Matthew Tremont (born March 9, 1989) is an American professional wrestler and promoter, best known for his work in Combat Zone Wrestling (CZW). He is also known for his appearances for his own promotion, Hardcore Hustle Organisation (H2O), as well as for Game Changer Wrestling. He has also worked for IWA Mid-South, IWA Deep-South and IWA East Coast.

Among his honours, he is a one-time CZW World Heavyweight Champion and one-time GCW World Champion. He also has the distinction of being the only wrestler to win all the major American deathmatch tournaments: Tournament Of Death once, Masters of Pain once and King of the Deathmatch twice. As such, he is often referred to as "The Grandslam Champion" of deathmatch.
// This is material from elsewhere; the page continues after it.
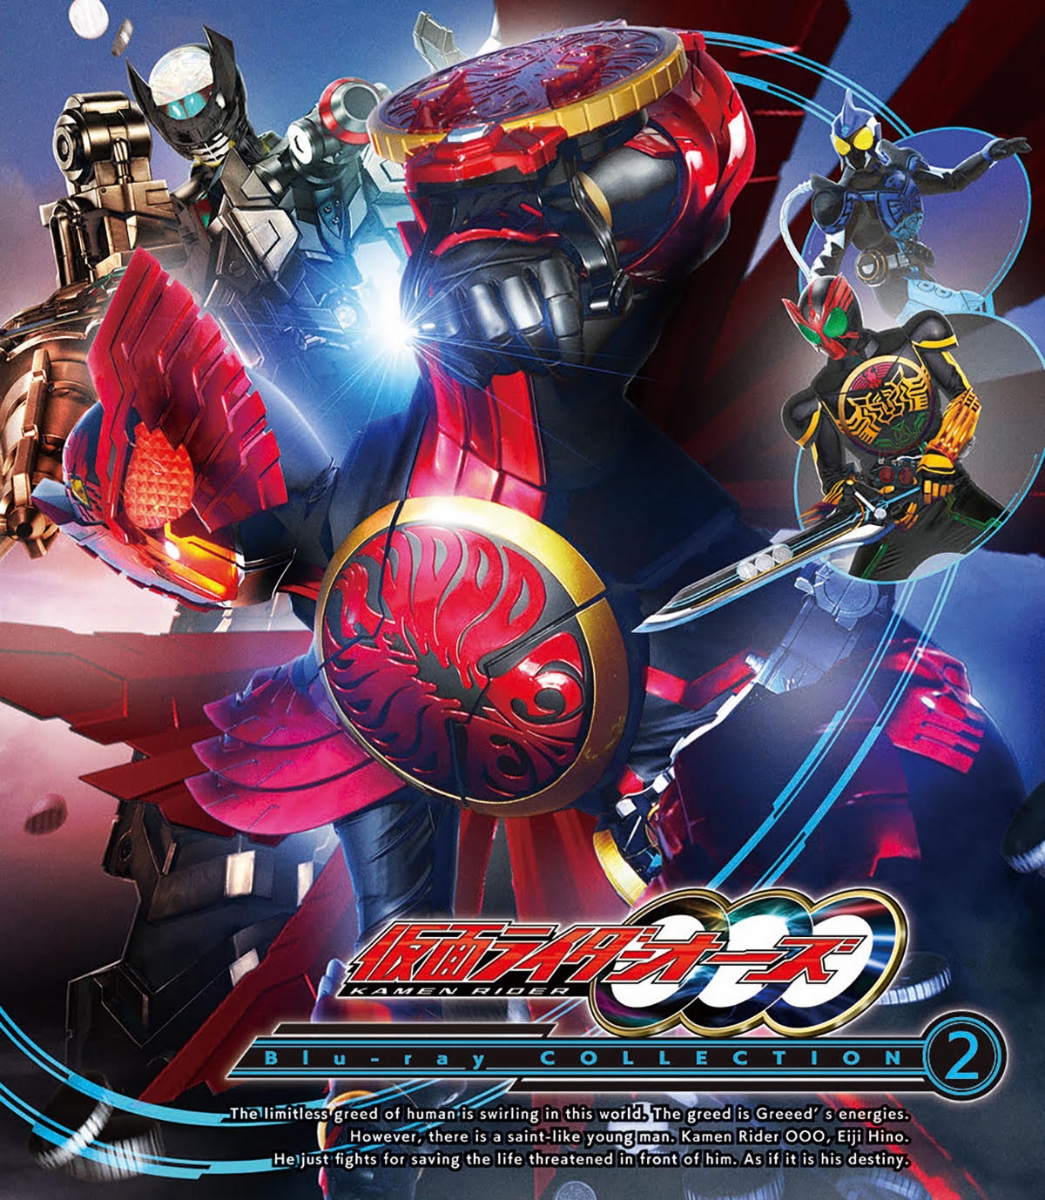 楽天ブックス: 仮面ライダーOOO(オーズ) Blu-ray COLLECTION 2

Outside of wrestling, Tremont owns a store in the Berlin Farmers Market called Bulldozer's Collectibles.

Professional wrestling career

Combat Zone Wrestling (2011–2019)
Tremont made his Combat Zone Wrestling debut at Prelude to Violence defeating Pinkie Sanchez in a Tournament of Death X Qualifying Ultraviolent Rules on June 11, 2011. Tremont made his first Tournament of Death appearance at TOD X, defeating Necro Butcher in a "Water Jugs, Bats & Anything Else you Can Swing Match" in the quarterfinals. He was eliminated by MASADA in the semifinals in a "Kenzans, Whips & Anything Else we Can F***ing Find Match". Tremont began a small feud with Danny Havoc at Cage of Death 13 in an Ultraviolent Pits deathmatch which soon culminated at CZW Super Saturday, when Havoc defeated Tremont in an Ultraviolent Rules match. Tremont made his second Tournament of Death appearance at Tournament of Death XI, losing to Abdullah Kobayashi in the first round in an "Ultraviolent Bats" match.
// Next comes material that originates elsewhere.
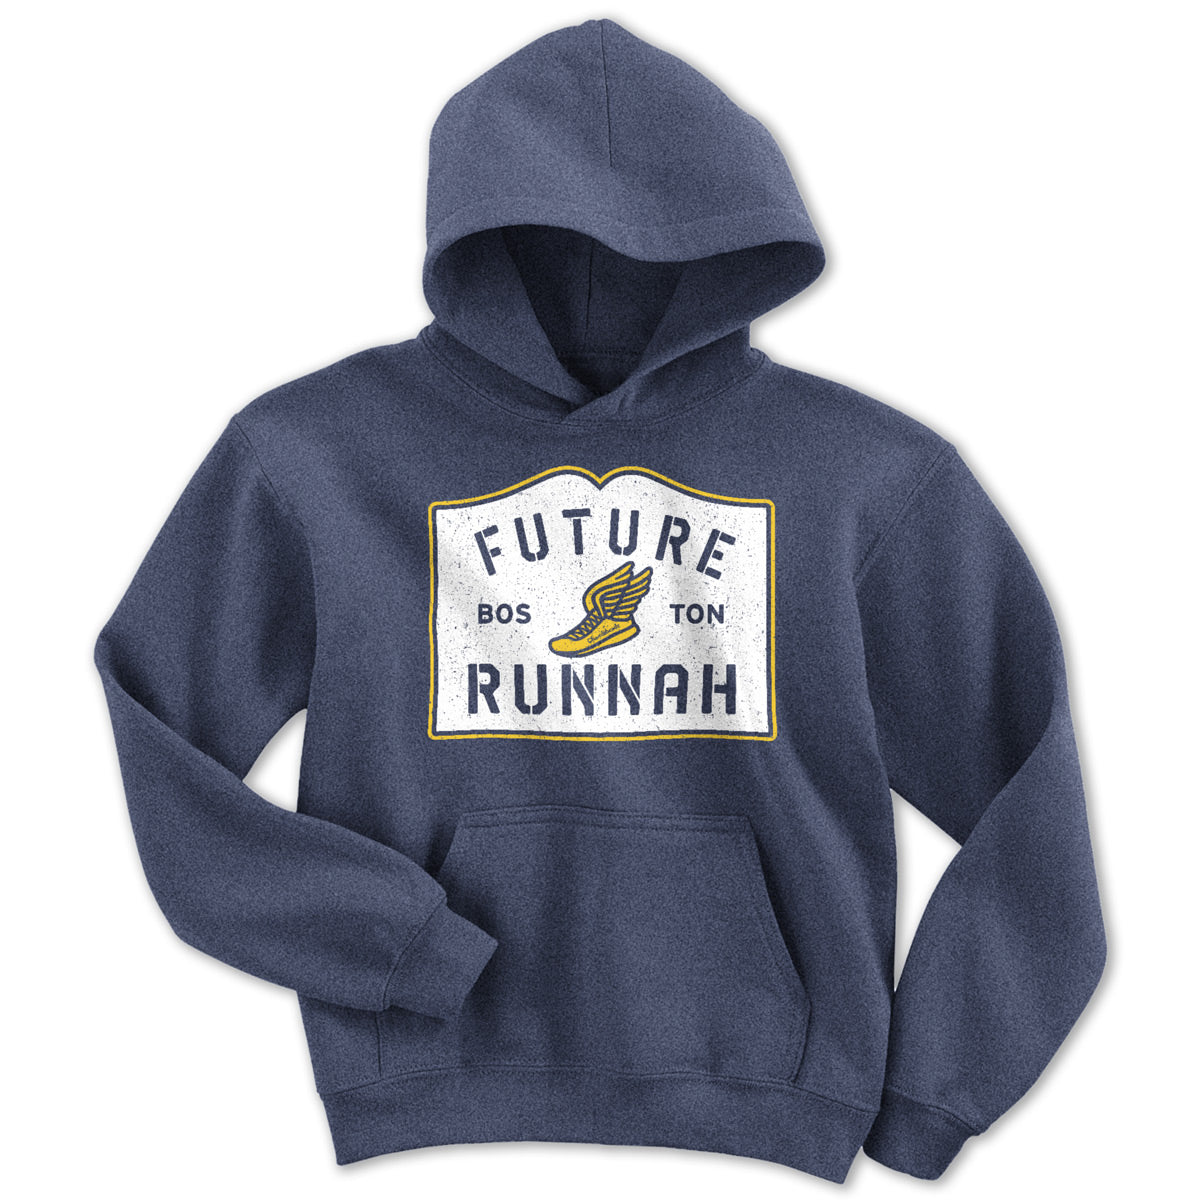 Future Runnah Boston Youth Hoodie - Chowdaheadz

Tremont began to feud with CZW owner D. J. Hyde throughout 2012, beginning at Tangled Web V as Hyde was the victor. He was subsequently fired at Down With The Sickness, after defeating Solo with a very stiff chair shot to the head, ending the bout at 35 seconds. Tremont got back on the microphone and repeated "Redemption" over and over again. At Night of Infamy, Hyde cut a promo on not reinstating Tremont. This prompted the locker room to walk out and quit if Tremont is not reinstated, but Hyde insisted if Tremont wins a match he could be reinstated. He would team up with New Jack the same night, defeating Joe Gacy and Ron Mathis. Tremont was successful at Cage of Death XIV, winning with a Death Valley driver off the top of the cage through three levels of panes of glass and a stage setup on the outside. After the match, the entire locker room congratulated Tremont for his efforts.

He later feuded with Devon Moore and The Nation Of Intoxication leading to several matches between the two. At Tangled Web 7, Tremont defeated Moore in the Tangled Web Match after knocking him off the scaffolding into the ring below.

In early 2015, Tremont began teaming with newcomer Stockade. They fought The Nation Of Intoxication at To Live Is To Die in January, they lost after Tremont accidentally struck Stockade with a chair. After the match, Stockade and Tremont came to blows then Tremont challenged Stockade to an Ultraviolent Match at Sixteen on February 21.

On August 8, 2015, Tremont defeated BLK Jeez for the CZW World Heavyweight Championship. At Down with the Sickness, after a 399-day reign as champion, Tremont lost the title in a four way deathmatch to Jonathan Gresham which also featured Greg Excellent and Joe Gacy.

Tremont would turn heel at Cage of Death 18, by attacking his own teammate Joey Janela during the Cage of Death match, costing his team the match in the process. He later rechristened himself as "Father" Matthew Tremont and reformed his alliance with Stockade. They would go on to attack Janela and Penelope Ford.

On August 5, 2017, Tremont had a No Ropes Barbed Wire Exploding Baseball Bats match against Japanese deathmatch wrestler, Atsushi Onita. The match would end in a No Contest.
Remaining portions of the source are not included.